Siyasallaşan bu kadrolara ABD ve NATO’nun etkisiyle darbe üstüne darbe yaptırıldı.

Silahların gölgesinde Türkiye soyuldu ve nihayetinde TSK, İslam’la çatışan konuma sokuldu.

TSK’ da yapılmakta olan yeni düzenlemeyi fırsat bilenler, tenkitte aşırıya kaçarak TSK üzerinden Cumhuriyeti dinamitlemeye çalışıyorlar.

Yapılması gereken şey TSK’yı ilim ve teknoloji ile donatmak, Cumhuriyetin çekirdeğine ilmive teknolojiyi koymak ve TSK’yı ülkenin çelik zırhı haline getirmektir.

Daha önce de Türkiye’de ideolojik çatışmalar vardı. Bu çatışmalar yüzünden fidan gibi gençler gençliğine doymadan gitti. Berlin duvarı yıkılınca hepsi bitti. Şimdi de laik- anti laik,Sünni- Alevi, Türk – Kürt çatışmaları tezgâhlanıyor. Bu tezgâha düşüp kendi vatanına ihanet eden soysuzlar vardır ve o soysuzlara hiçbir şey emanet edilemez.

Günümüz insanının İslam anlayışında çürüme emareleri baş göstermiştir. Dinin ülke aleyhine kullanılması, dinde saygın sektörünün oluşması, Arapçılığın öne çıkarılması, dinin ideolojileştirilmesi, mabedin siyasallaşması, hurafenin dinleşmesi gibi hususlar insanımızın İslam anlayışında çürüme oluşturmaktadır.

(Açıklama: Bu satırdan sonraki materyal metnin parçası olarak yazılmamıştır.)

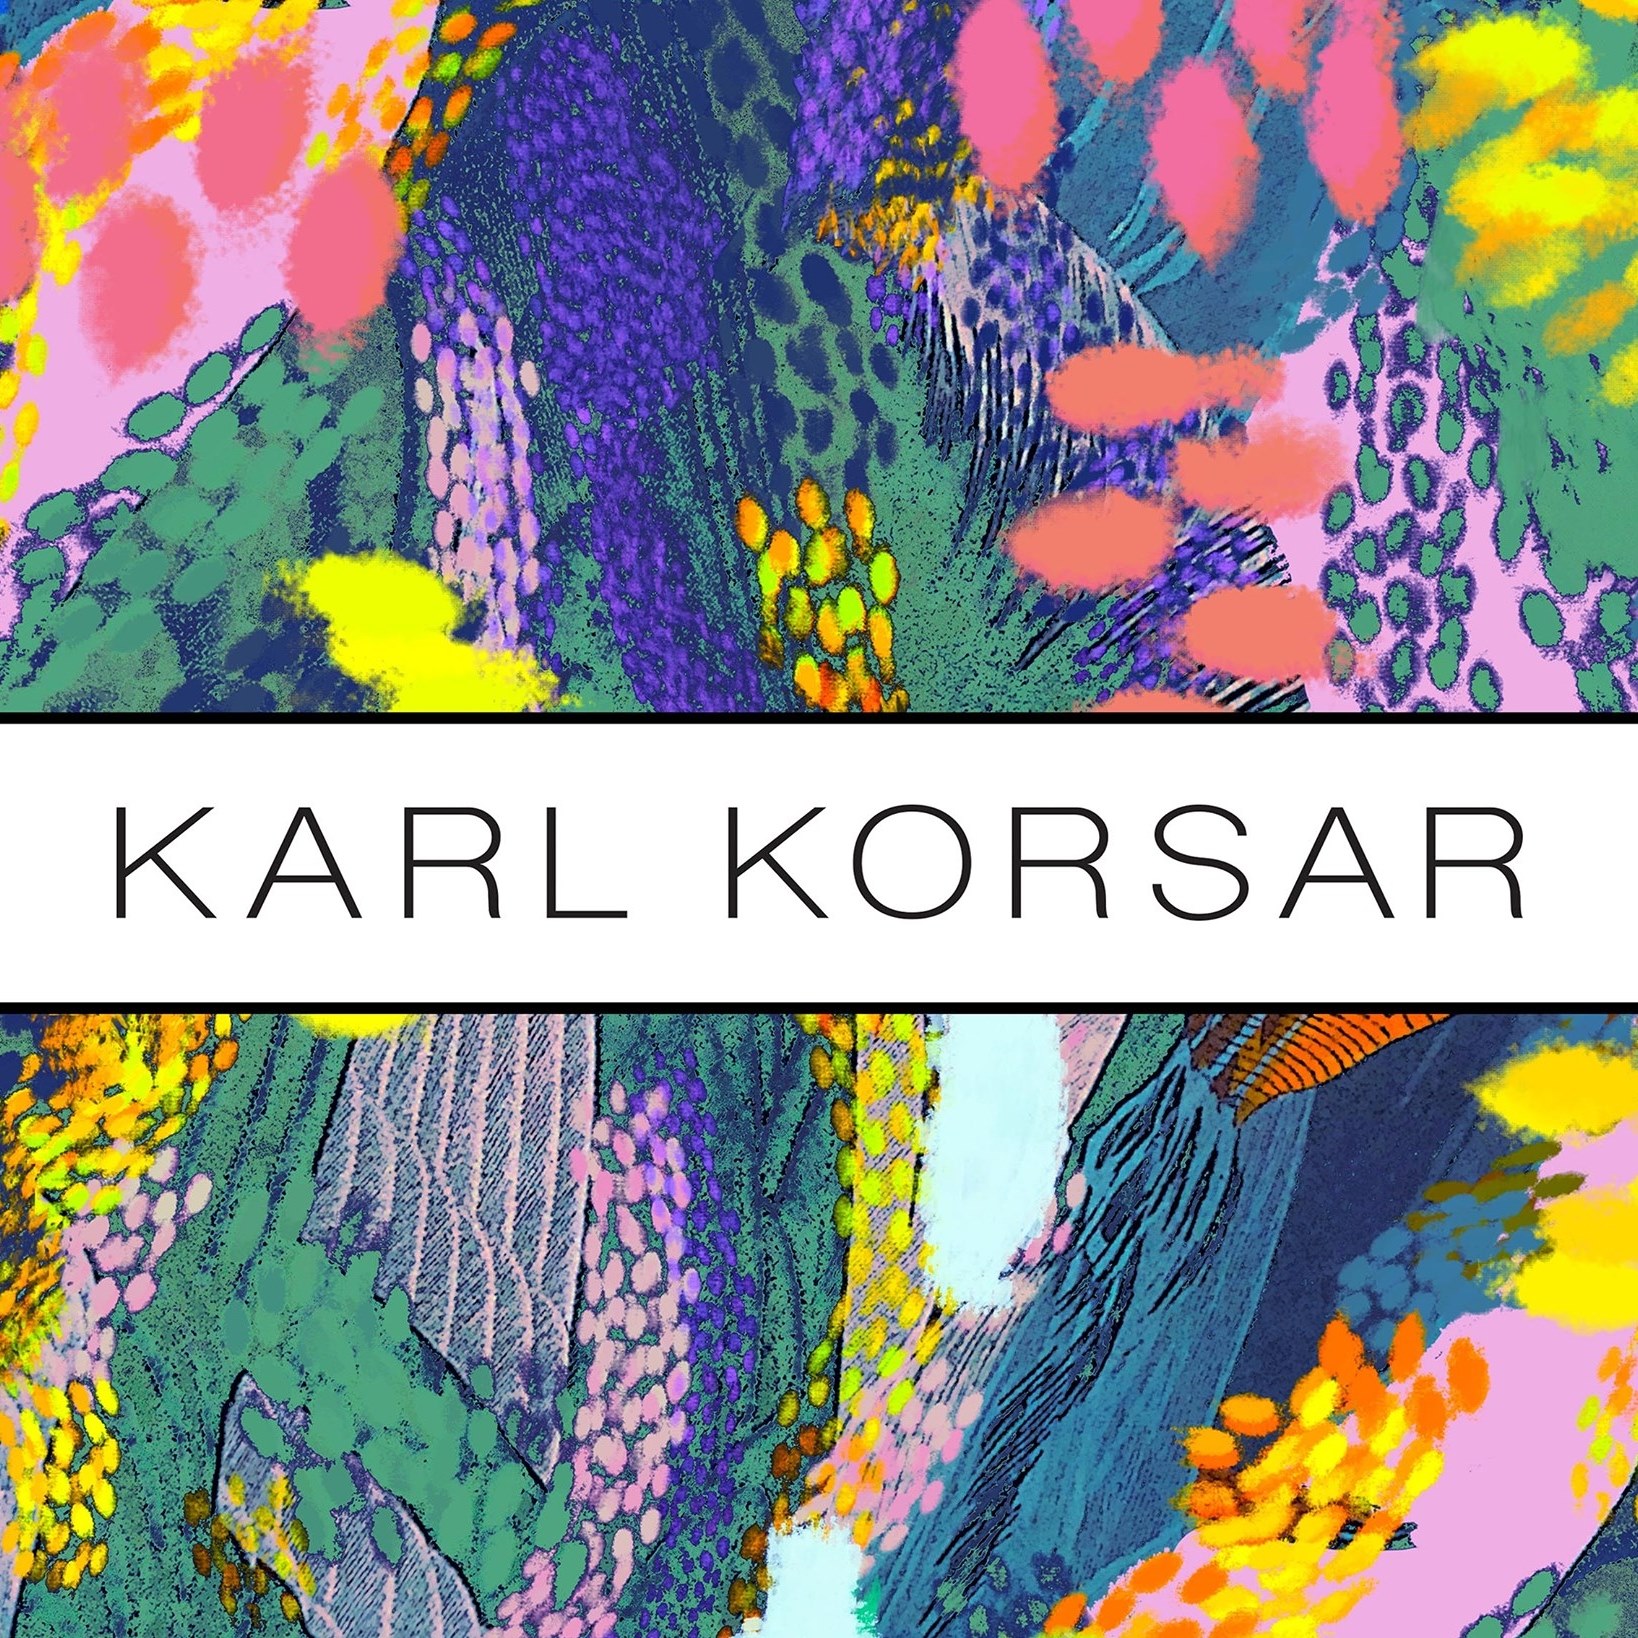 Karl Korsar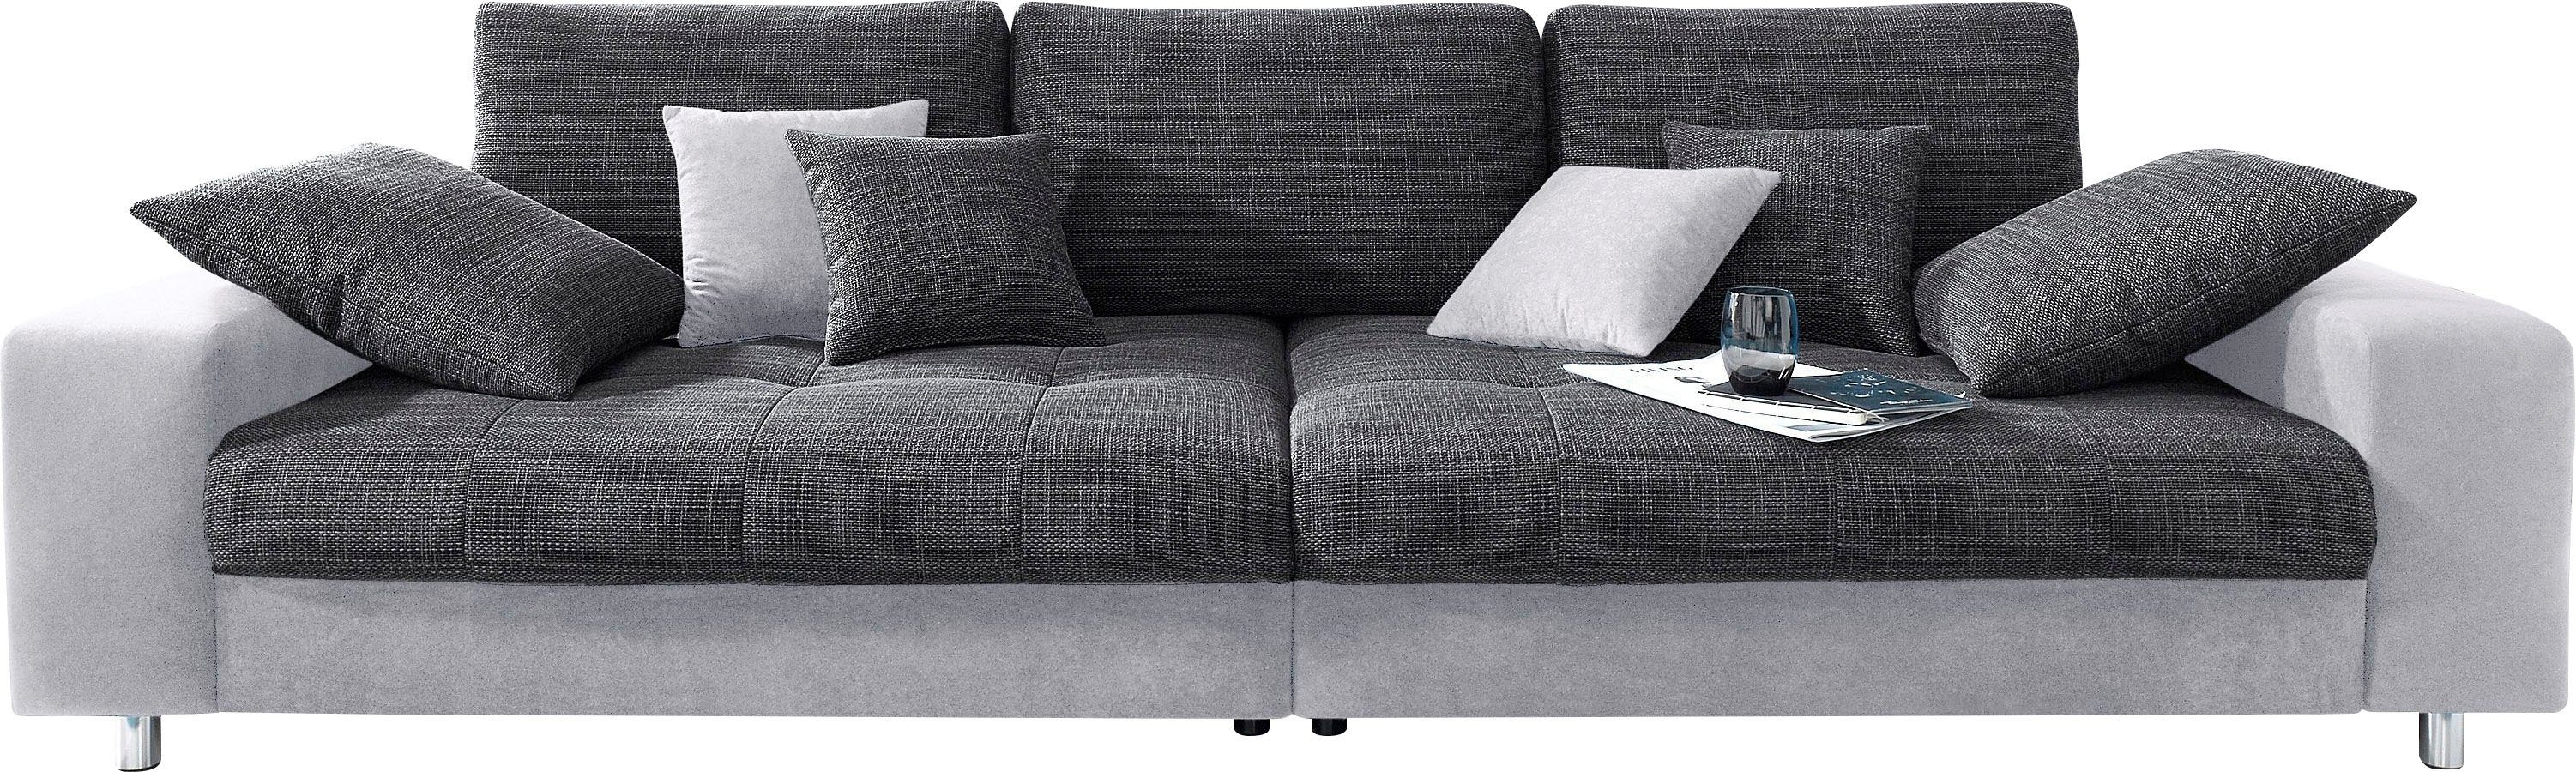 Mr. Couch Big-Sofa Wahlweise mit Kaltschaum mit Belastung/Sitz) RGB-Beleuchtung, wahlweise und Sitzbelastung) (140kg (140kg Tobi, Kaltschaum

İnsanlar bu gün söylediklerini yarın değiştirebilirler, ondan vazgeçebilirler, son söz ve değişmeyen söz Allah’ın ve Peygamberindir.

Türkiye toplumu tam bir din cahili topluma dönüşmüştür. Bu toplumun dini hassasiyeti varama yanlışı çoktur. Bu cehalet nedeniyle bir kısım Müslümanlar, Cumhuriyete düşman hale gelmiştir ve bir kısmı da cahil bağlılığının getirdiği dini(!) sebep ve saiklerle Cumhuriyetin kazandırdığı ve gittikçe kaybolan değerleri umursamamaktadır. Bazıları da vatanın bölünmesi talebine dini(!) gerekçelerle hoşgörüyle bakılabilmektedir.

Bölücülerin taleplerine ayet ve hadislerle destek çıkan ve o taleplere İslam’da yer bulan din cahilleri türemiştir ve onlar için bir kavmin mensubu olmak önemli değildir ve onlar dini cehaletleri yüzünden aslını inkâr eden haramzadelere dönmüşlerdir. Ne acıdır ki Kurtuluş Savaşında da aynı tipler din adına işgalcileri destekliyorlardı.

Cumhuriyet idarecilerinin en büyük hatası, İslam’ı Cumhuriyete engel görüp insanları İslam’dan uzak tutmaya çalışmaları ve insanları din cahiline dönüştürerek Allah ile kul arasına aracıların girmesine seyirci kalmalarıdır.

Sonunda Türkiye, din duygusu beslenip geliştirilmeyen din cahili insanların arzusuna ramolma noktasına gelmiştir. Türkiye’de yapılması gereken en doğru şey; Müslümanların, İslam’ı en doğru şekilde öğrenmesini sağlamaktır.

Hz. Peygamberin tebliğ ve tatbik ettiği Kuran’daki İslam, Türkiye’de barışın, huzurun, ilmin ve ilerlemenin temeli olacaktır. Yapılması gereken en elzem ve en önemli şey Müslümanları dini cehaletten kurtarmaktır. Bu sağlandığı takdirde 21.yüzyıl Türkiye’nin olacak bütün mükevvenatın özlediği medeniyet Anadolu topraklarında yeniden vücut bulacak, bütün insanlığı ve mükevvenatı sıcaklığıyla sarıp sarmalayacaktır.